7 Quelle est la place de l'anglais dans la vie montréalaise, selon vous?

Ce qui rend Montréal si extraordinaire, ce sont ses deux composantes linguistiques. C'est une ville qui affiche et devrait continuer d'afficher une nette prédominance du français. Notre objectif commun est la santé linguistique des trois groupes (francophones, anglophones, Premières Nations). Aujourd'hui, la proportion de francophones est en train de se marginaliser et ce n'est pas sain pour notre équilibre. De la même façon, si on avait raison de croire que la minorité anglophone était en train de perdre sa masse critique, ce ne serait pas sain et il faudrait agir en conséquence pour empêcher ce déclin. Il reste la question des allophones. Au Québec, pour reproduire l'équilibre linguistique actuel, il faudrait que 15% d'entre eux passent à l'anglais et 85% au français. En ce moment, c'est 50-50. Il faut travailler là-dessus.

8 Quel geste concret pensez-vous faire prochainement pour lancer le signal que vous souhaitez vous rapprocher de la communauté anglophone?

J'ai eu un certain nombre de rencontres pour écouter et discuter, mais effectivement, une fois qu'on a reconnu qu'il y a une volonté, il faut voir ce que ça donne concrètement.
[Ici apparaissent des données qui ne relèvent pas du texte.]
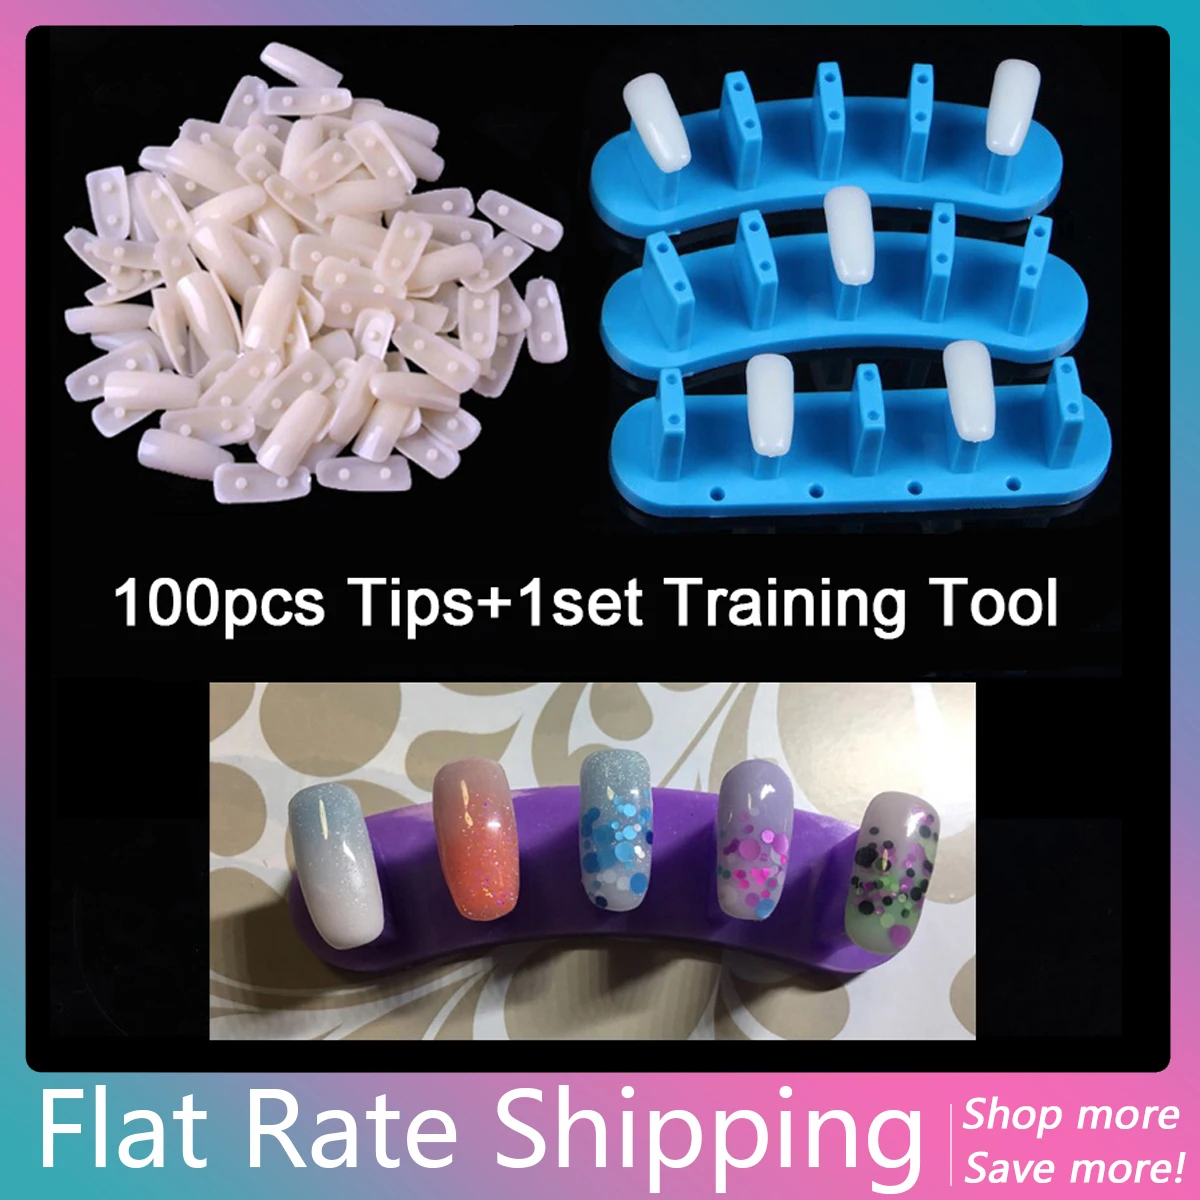 Flat Rate Shipping 100 Pcs Square Nail Tips Trainer Practice Tool Adjustable Nail Art Model Hand Practice +1 Set Display

C'est là-dessus qu'on travaille. Je rappelle tout de même que la première ministre du Québec d'un gouvernement du Parti québécois a parlé de la sécurité linguistique des Anglo-Québécois à Kinshasa, devant les chefs des gouvernements de la francophonie.

9 Avez-vous toujours l'intention d'interdire le cégep anglophone aux francophones?

C'est dans le programme. Est-ce que ce sera déposé dans le projet de loi? Ce sera une décision prise par Diane De Courcy et le Conseil des ministres. Évidemment, on lit bien la situation politique telle qu'elle se présente et on n'a pas l'impression qu'il y a une majorité à l'Assemblée nationale pour aller de l'avant là-dessus. Est-ce qu'on le dépose sachant qu'on ne pourra pas le faire voter, ou on ne le dépose pas? C'est une décision à venir.

10 Que répondez-vous à ceux qui estiment que votre parti va trop loin dans ses efforts de francisation?

Si on veut agir pour le français et l'identité québécoise, il faut savoir que bien des gens vont trouver que ce n'est pas nécessaire et qu'on va trop loin. Si on les avait écoutés, le français serait en très mauvaise posture aujourd'hui.

TWITTER +1 Daniel Thibault (@danielthibault sur Twitter)

Certains voient de la naïveté dans votre effort de transparence dans la communication. Que répondez-vous?

À choisir mes erreurs, j'aime mieux des erreurs transparentes que des erreurs opaques.